Todo lo anterior parece de una lógica aplastante. Pero desafortunadamente no pasa de la pura teoría. En la práctica, el usuario no tiene posibilidad razonable alguna de conocer el valor real de ese PJ. Difícilmente, entonces, puede calcular la desviación de PF respecto a PJ. Efectivamente, el usuario medio no tiene prácticamente acceso a la siguiente información (ver artículo II.a):

  1. Los detalles y características técnico-económicos de la infraestructura, necesarios para poder evaluar con suficiente aproximación sus costes de construcción, operación y mantenimiento (financiación incluida).
  2. El número de usos que harán los usuarios de la infraestructura en cuestión y su distribución temporal durante su vida útil..

El cociente entre estos dos valores (coste total dividido entre el número de usos) es precisamente el Precio Justo, PJ, es decir, el que tendría que cobrar el operador a cada usuario por cada uso para poder prestar su servicio con continuidad y en condiciones de equilibrio económico-financiero. Dado que el usuario desconoce tanto el numerador como el denominador, le es imposible poder hacerse una idea siquiera aproximada del importe de PJ. En consecuencia, no puede medir la desviación del Precio Fijado, PF, que le piden pagar para usar la infraestructura, respecto a ese PJ, que es lo que racionalmente tendría que pagar. Resulta de todo ello que el valor que podría justificar más objetivamente el cuestionamiento social del precio -el exceso entre el Precio Fijado, PF, y el Precio Justo, PJ– no puede ser ni conocido ni evaluado por el usuario. Por tanto, éste no tiene una base cuantitativa sólida, objetiva y contrastable para justificar su cuestionamiento. O, dicho de otra manera, el cuestionamiento social del precio de uso de una infraestructura incluirá siempre y necesariamente una notable cuota de subjetividad.

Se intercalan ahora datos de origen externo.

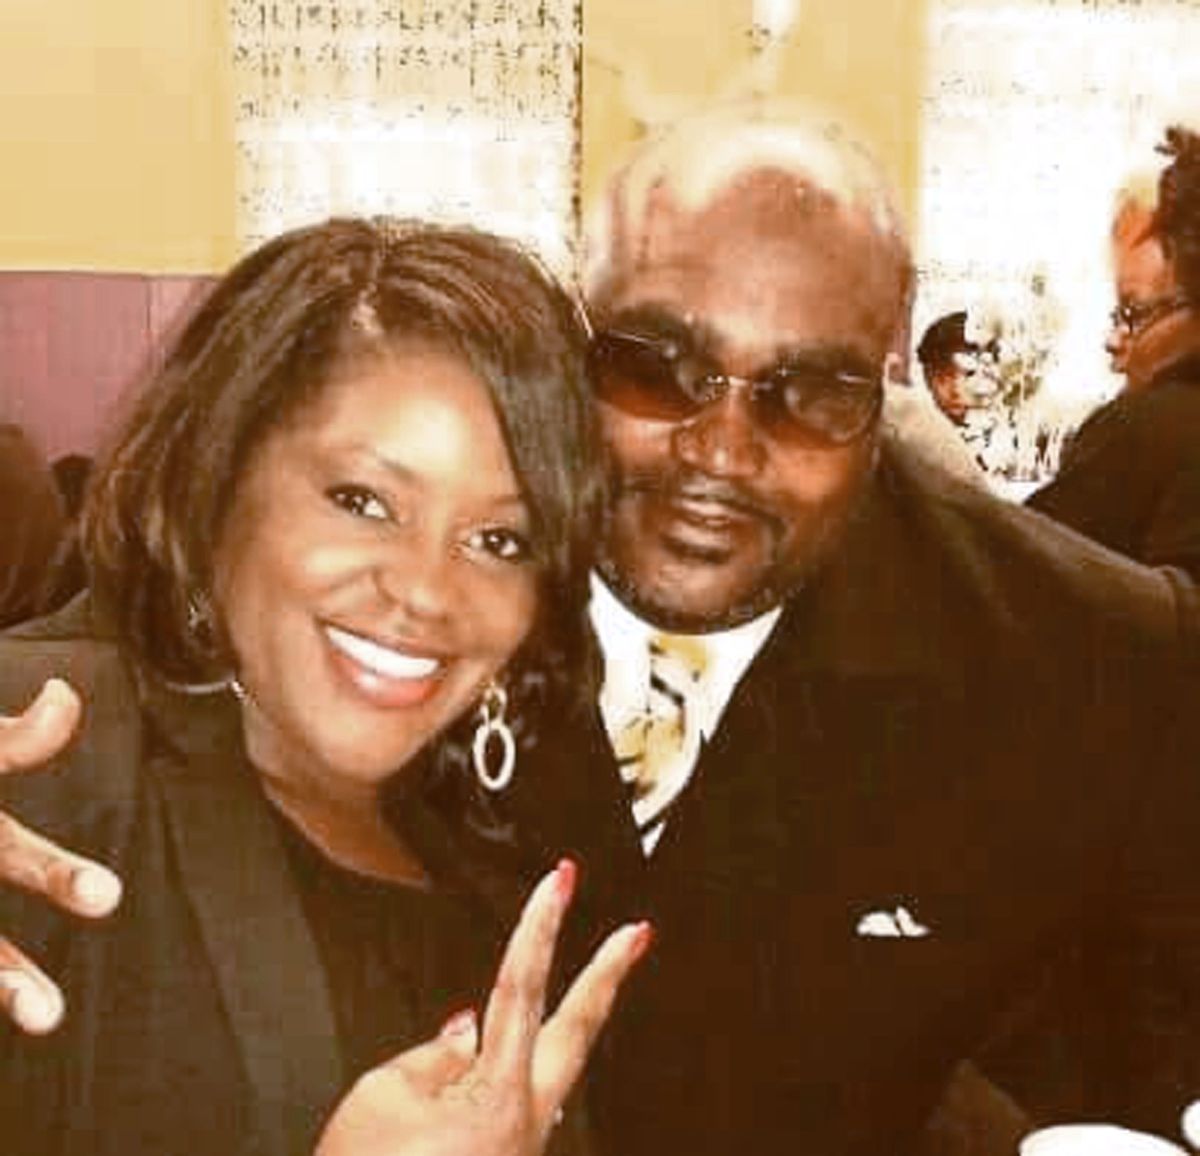 FILE - This undated photo provided by the Parks &amp; Crump, LLC shows Terence Crutcher, right, with his twin sister Tiffany. Crutcher, an unarmed black man was killed by a white Oklahoma officer Friday, Sept. 16, 2016, who was responding to a stalled vehicle. (Courtesy of Crutcher Family/Parks &amp; Crump, LLC via AP, File) (AP)

Desviación respecto al valor subjetivo

Vemos pues que el usuario no puede basar objetivamente su cuestionamiento en la desviación del Precio Fijado respecto al Precio Justo. Necesita entonces buscar otra referencia. La más inmediata es la desviación entre el precio fijado, PF, y el valor subjetivo que el usuario atribuya al uso de la infraestructura, tal como vimos en el apartado Valor y precio del artículo anterior (ver allí especialmente la definición de valor subjetivo colectivo, que es el que consideramos aquí bajo la designación corta de valor subjetivo). Este valor subjetivo, lógicamente, depende de muchos factores diferentes y de muy diversa naturaleza. Y en su ponderación tiene especial relevancia que el usuario pueda disponer de diferentes alternativas para realizar su actividad deseada. Esas alternativas pueden ser distintas infraestructuras en competencia y con objetivos similares (caso del tren y el avión en distancias medias, por ejemplo). En estos casos, se podrá hacer una comparación de precios, caso que trataremos más adelante, en el subapartado que a la comparación se refiere. En éste trataremos exclusivamente el caso en que haya una única infraestructura que ofrezca el servicio. Y distinguiremos dos situaciones bien diferentes, según que el usuario tenga la alternativa de poder llevar a cabo la mencionada actividad por sus propios medios –sin emplear la infraestructura- o tenga que recurrir inexcusablemente a la infraestructura si quiere ejercerla.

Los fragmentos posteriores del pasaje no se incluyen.